You can grow longer, healthier hair

At the risk of sounding counterintuitive, there are some in-salon treatments that are worth adding to your service which promise to help you maintain your hair’s condition after your appointment ends.

One such treatment is L’Oreal’s newest in-salon innovation, the Absolut Repair Molecular System, which claims to repair two years of damage in a single application, with results supported by a shampoo ($63) and rinse-off serum ($73) you can continue to use at home.

It does so by strengthening and resurfacing dry or damaged hair with five amino acids and a 2 per cent concentration of peptides to rebuild the hair’s molecular structure.

Kelly recommends this service to those wanting to restore their hair’s condition post-summer or to brighten and lighten dull hair.

“You can instantly feel the difference in the hair strands, it immediately feels stronger and looks brighter.
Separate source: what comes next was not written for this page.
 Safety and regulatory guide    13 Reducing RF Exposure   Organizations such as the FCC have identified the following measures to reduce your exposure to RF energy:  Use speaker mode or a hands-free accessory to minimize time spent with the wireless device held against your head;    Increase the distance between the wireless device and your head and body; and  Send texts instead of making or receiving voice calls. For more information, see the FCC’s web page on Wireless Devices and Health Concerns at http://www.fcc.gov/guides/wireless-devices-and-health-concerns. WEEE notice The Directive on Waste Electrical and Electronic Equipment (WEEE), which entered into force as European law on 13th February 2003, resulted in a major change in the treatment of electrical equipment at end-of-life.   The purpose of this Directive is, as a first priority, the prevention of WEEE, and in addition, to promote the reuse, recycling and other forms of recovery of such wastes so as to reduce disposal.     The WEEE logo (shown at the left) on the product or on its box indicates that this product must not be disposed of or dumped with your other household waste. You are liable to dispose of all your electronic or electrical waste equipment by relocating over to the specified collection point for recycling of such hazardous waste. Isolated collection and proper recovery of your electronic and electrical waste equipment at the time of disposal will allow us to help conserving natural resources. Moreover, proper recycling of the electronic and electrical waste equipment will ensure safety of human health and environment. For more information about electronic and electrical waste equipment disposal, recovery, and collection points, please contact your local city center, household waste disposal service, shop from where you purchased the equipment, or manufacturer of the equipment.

It’s a really exciting treatment and just shows there’s lots of big steps forward in hair technology at the moment,” she adds.

You can treat it as a form of self-care

If you’re a regular on TikTok, you might have seen clips of Japanese head spas — a scalp treatment that goes one step further than a heavenly hair wash at the basin, by combining cleansing and massage therapies to remove excess oils and debris, and hydrate hair follicles, while alleviating tension and increasing stimulation of the scalp.
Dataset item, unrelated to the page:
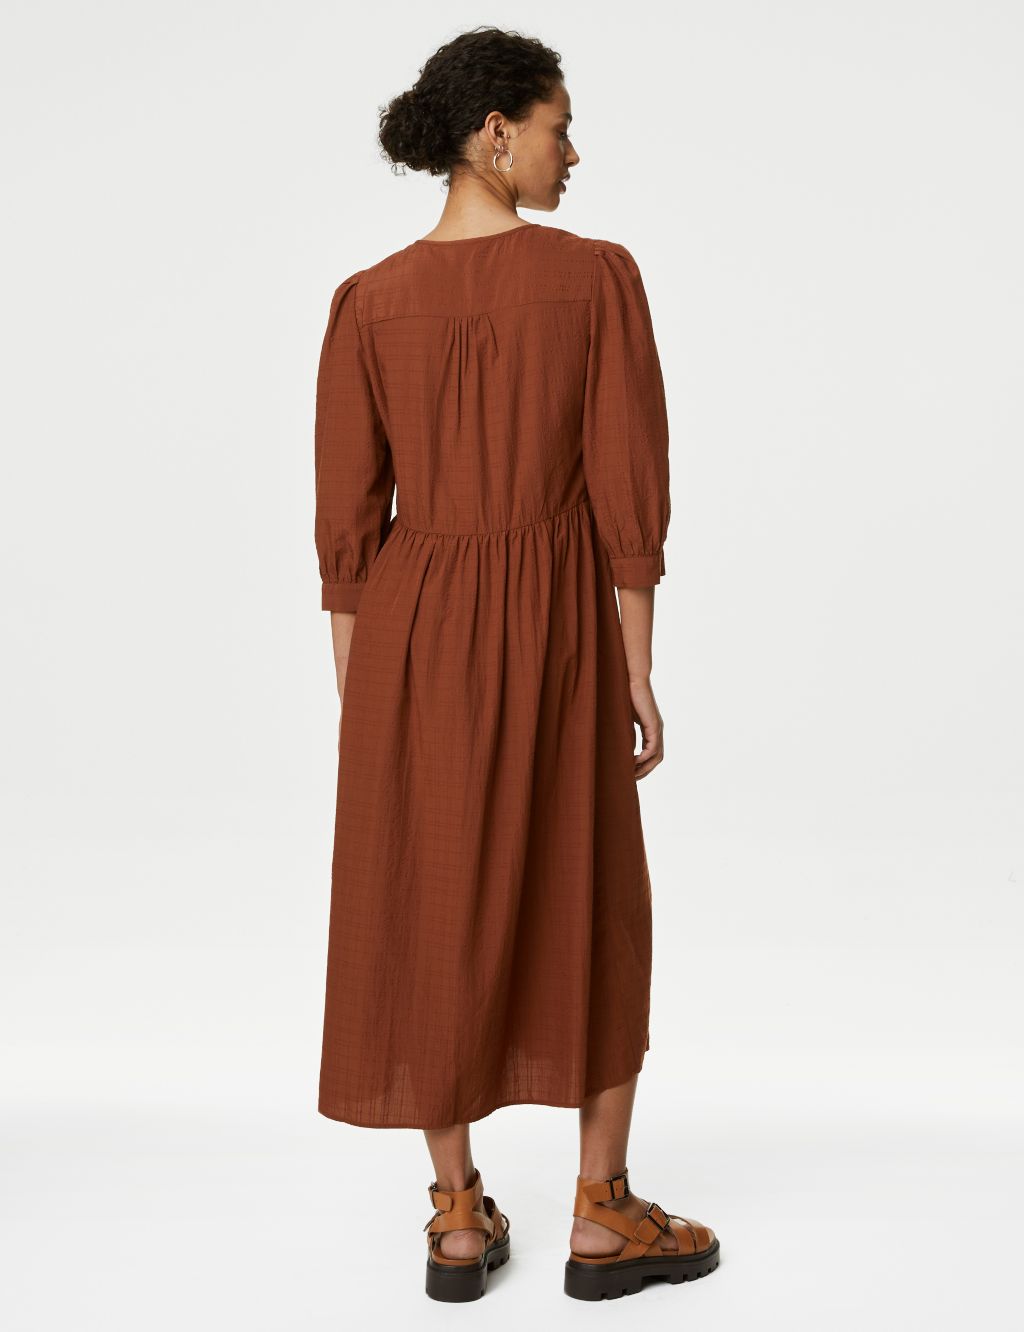 Textured Tie Neck Midi Relaxed Smock Dress image 4

While it’s not a treatment offered at Una, Kelly says she tried the treatment at an authentic head spa clinic in Japan and predicts the uptick in scalp massage will be one of the prevailing hair care trends in Aotearoa in 2024.

“Exfoliating the scalp is something that people should be thinking about if they have a lot of oil, or a lot of product build-up. It is important to get a specific scalp cleansing shampoo that cleanses all of that away. It also really helps with the growth of your hair,” she says.

As far as scalp massaging tools go, Kelly says fingertips work just as well, but adds a wide-toothed comb is a must for detangling strands and dispersing a hair mask or treatment throughout the hair evenly.

Try Philip B Detangling Comb, $81, which can be used on wet or dry hair and features ultra-wide teeth to minimise breakage.